Friday, August 4, 2017

Hair

August 4, 2017

Floyd Finger (yes, that was his real name) slouched beside me in front of the big mirror in the boy’s lavatory of the junior high school, slicking back his greasy blonde locks in the ducktail haircut popular with the cool guys. Straight back over each ear culminating in the perfect ducktail in back, before making the sweeping curve from the temples up to the crown and down to his forehead where the ends dangled just above his eyebrows, it was a magnificent sight to behold. At least he thought so. Floyd was dressed in the requisite white T shirt with sleeves rolled up to hold the pack of cigarettes that would reside on his shoulder after school, tight jeans, and pointy “hood” boots.

His eyes glued to the mirror, they locked on mine as with a barely disguised sneer he spit out his words like carefully wrought daggers. “You don’t have no hair.” Back then, it was, and wasn’t true. I had just as much of that stuff on the top of my head as did he, but we both knew he wasn’t talking about literal hair; he spoke of the “cool factor,” that rebellious, living on the edge attitude that characterized him and his crowd. It was a crowd to which I clearly did not belong. There was no getting around it; I wasn’t cool. Not even close.
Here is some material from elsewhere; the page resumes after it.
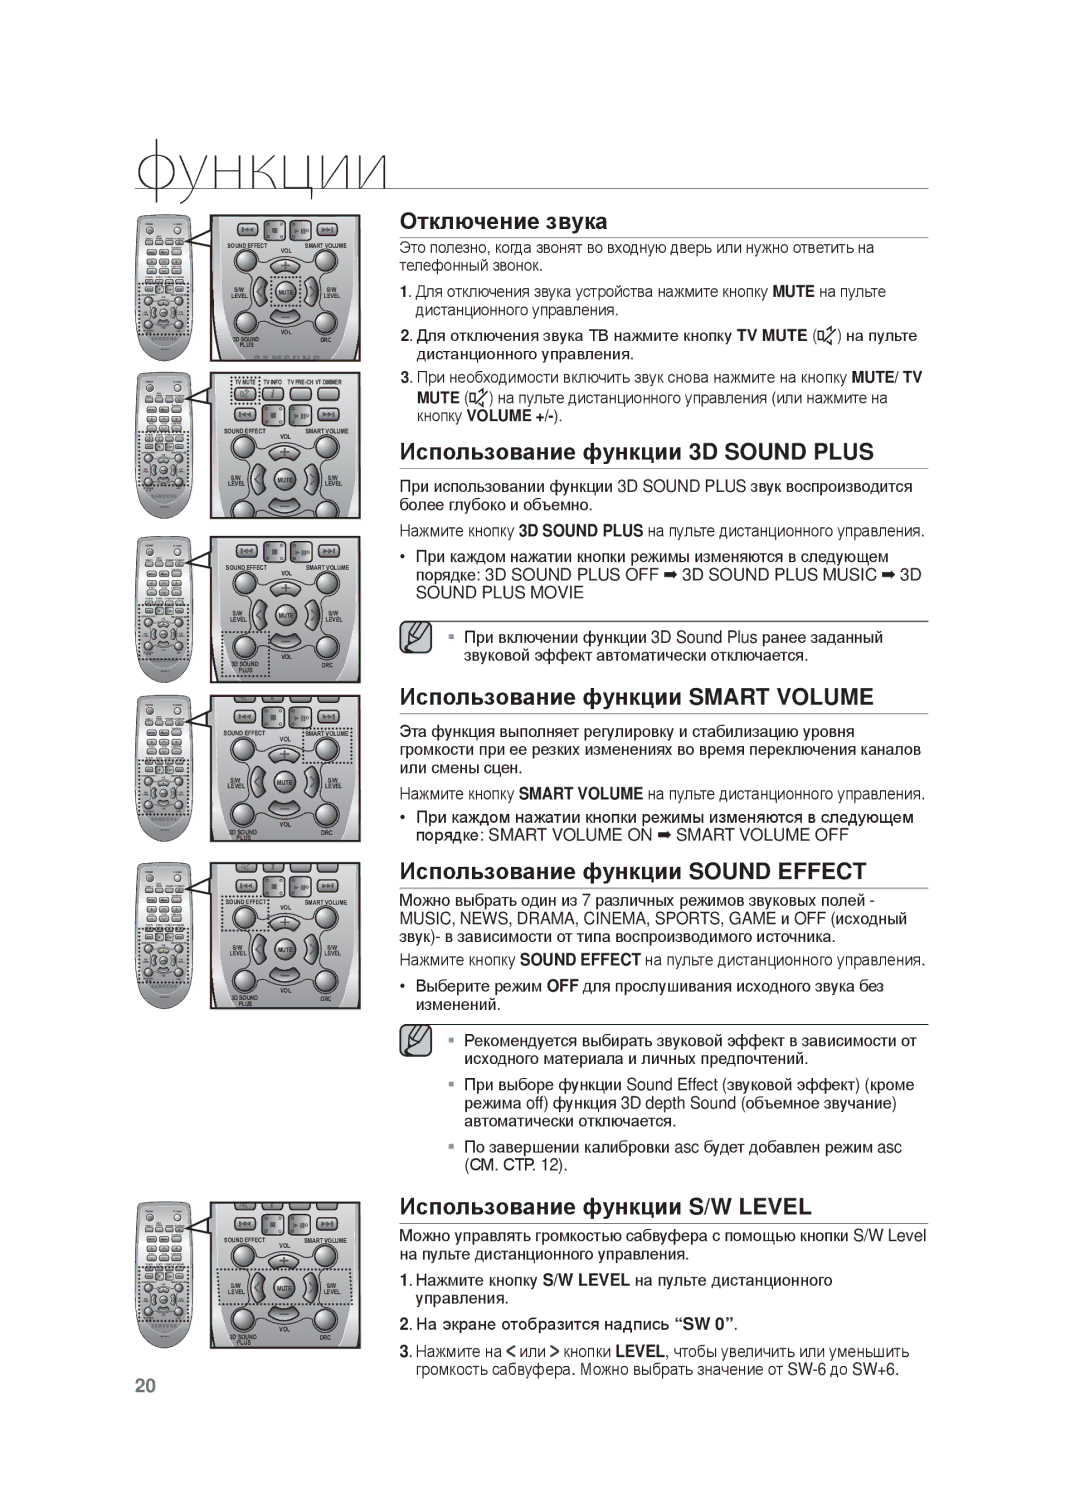 Samsung HW-F750/RU manual Ɉтключɟниɟ звɭкɚ, Иɫпɨльзɨвɚниɟ фɭнкции 3D Sound Plus, Иɫпɨльзɨвɚниɟ фɭнкции Smart Volume

I slunk out of the boy’s room and trudged to my next class. After school, while he was lounging on the street corner puffing away at his cigarette, laughing with his friends and ogling the girls walking by, I was dragging my saxophone home to practice before attacking homework and probably heading for some church youth function later in the evening. I definitely did not have any hair.


Fifty years later, the hair and my head have long since parted ways, and I have no idea where Floyd Finger is today. But one thing has definitely changed. Today, there is no doubt in my mind;  I have hair in my heart.